Proposed enhancements include:

  • Domain-adapted chemical LLMs to curtail hallucinated chemistry
  • Quantum-chemistry or energy-based filters for reaction feasibility
  • RL-based learning of MCTS priors from successful plans
  • Closed-loop integration with laboratory automation for real-time feedback and retraining
  • Advanced novelty metrics (such as graph edit-distance to existing pathways) for prioritizing innovation

7. Significance and Outlook

DeepRetro constitutes a technologically significant advance in computer-aided synthesis planning, systematically combining the robustness of template-based search with the creative, adaptive reasoning of LLMs in an iterative and validated framework.

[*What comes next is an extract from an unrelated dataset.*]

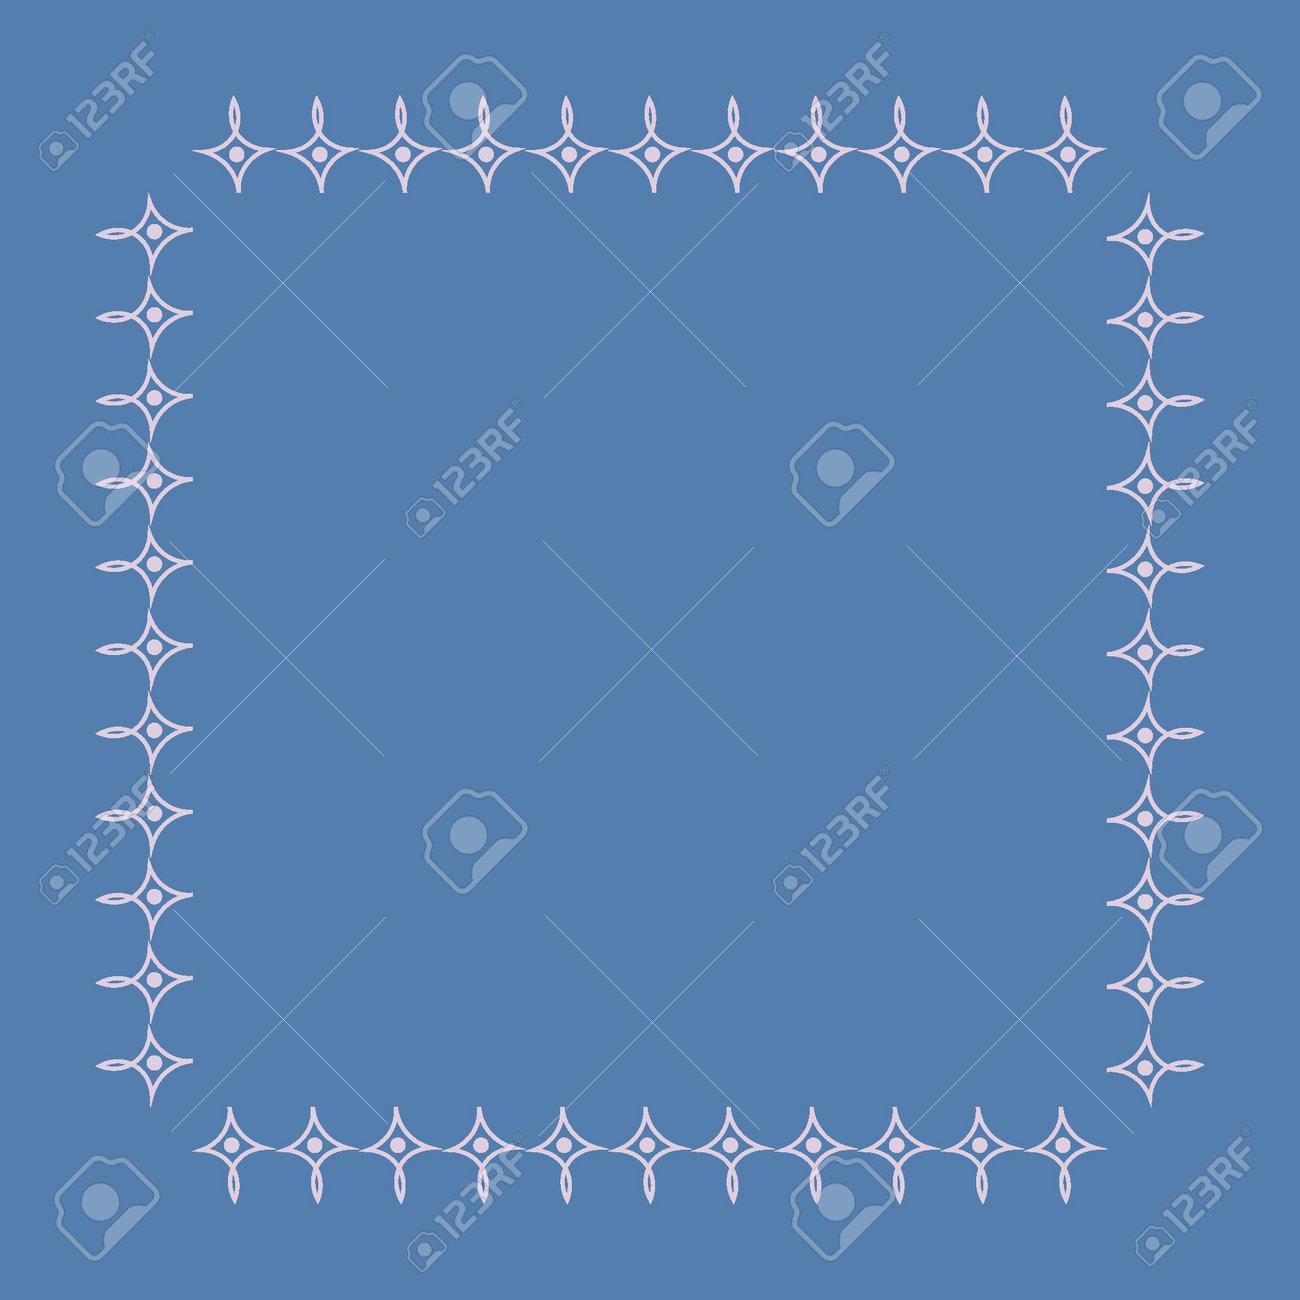 Stylized geometric pattern on a square background. Shape. Ethnic. Design element carpet simplicity. Art - 170610122
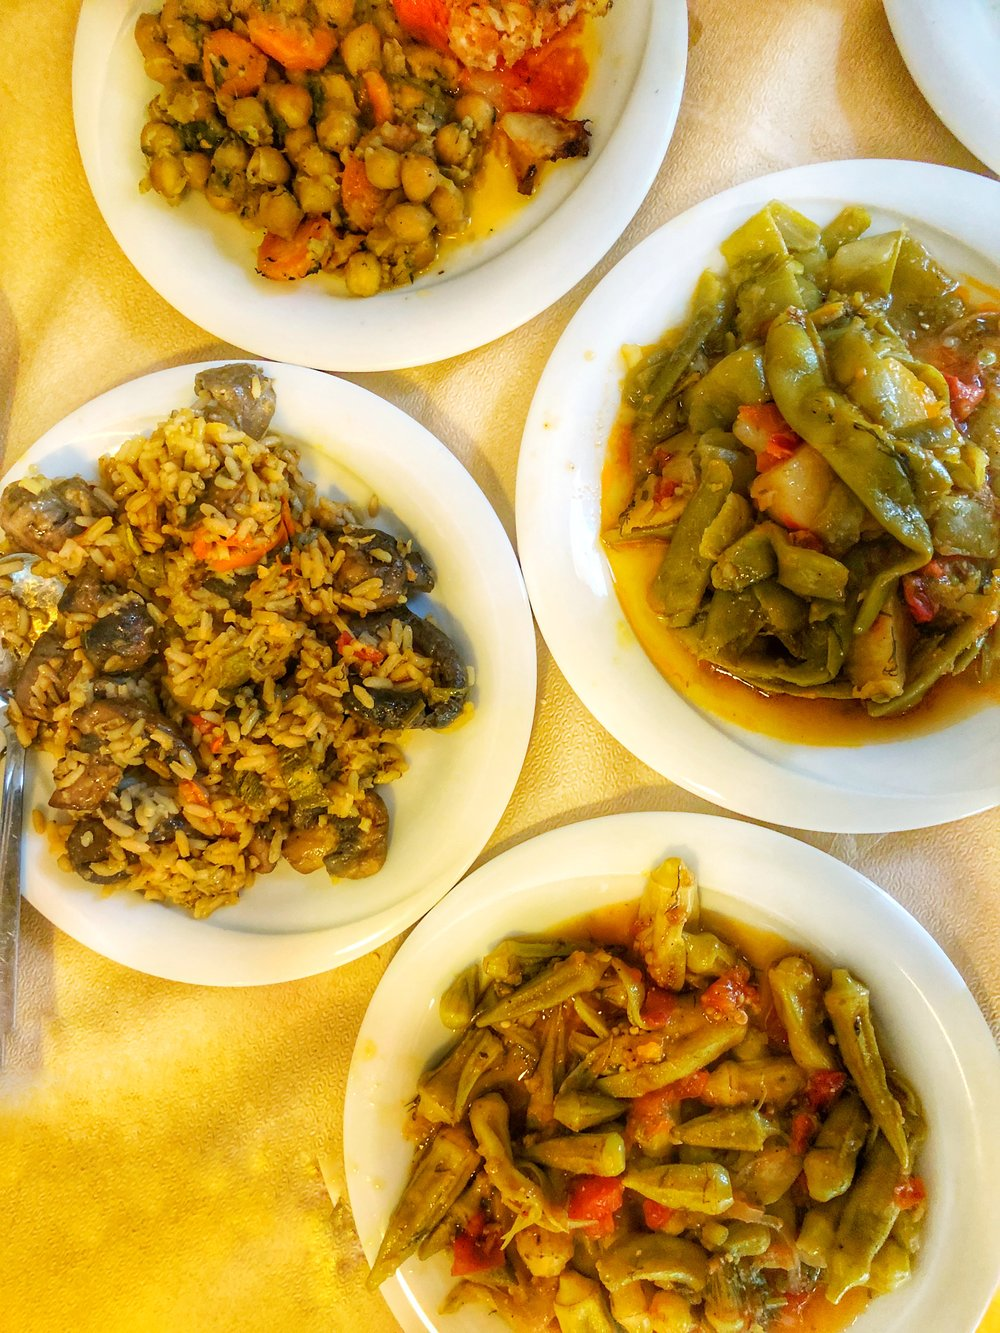 Chickpeas, mushroom rice, green beans, okra @ 5Phi (Διοχάρους 31 161 21 Kaisarianí, Attica)

The comprehensive screening pipeline and interface for human intervention position DeepRetro as a flexible platform for both automated and collaborative exploration of complex retrosynthetic landscapes, enabling the discovery and validation of synthesis strategies not directly encoded within template or training data (Sathyanarayana et al., 7 Jul 2025).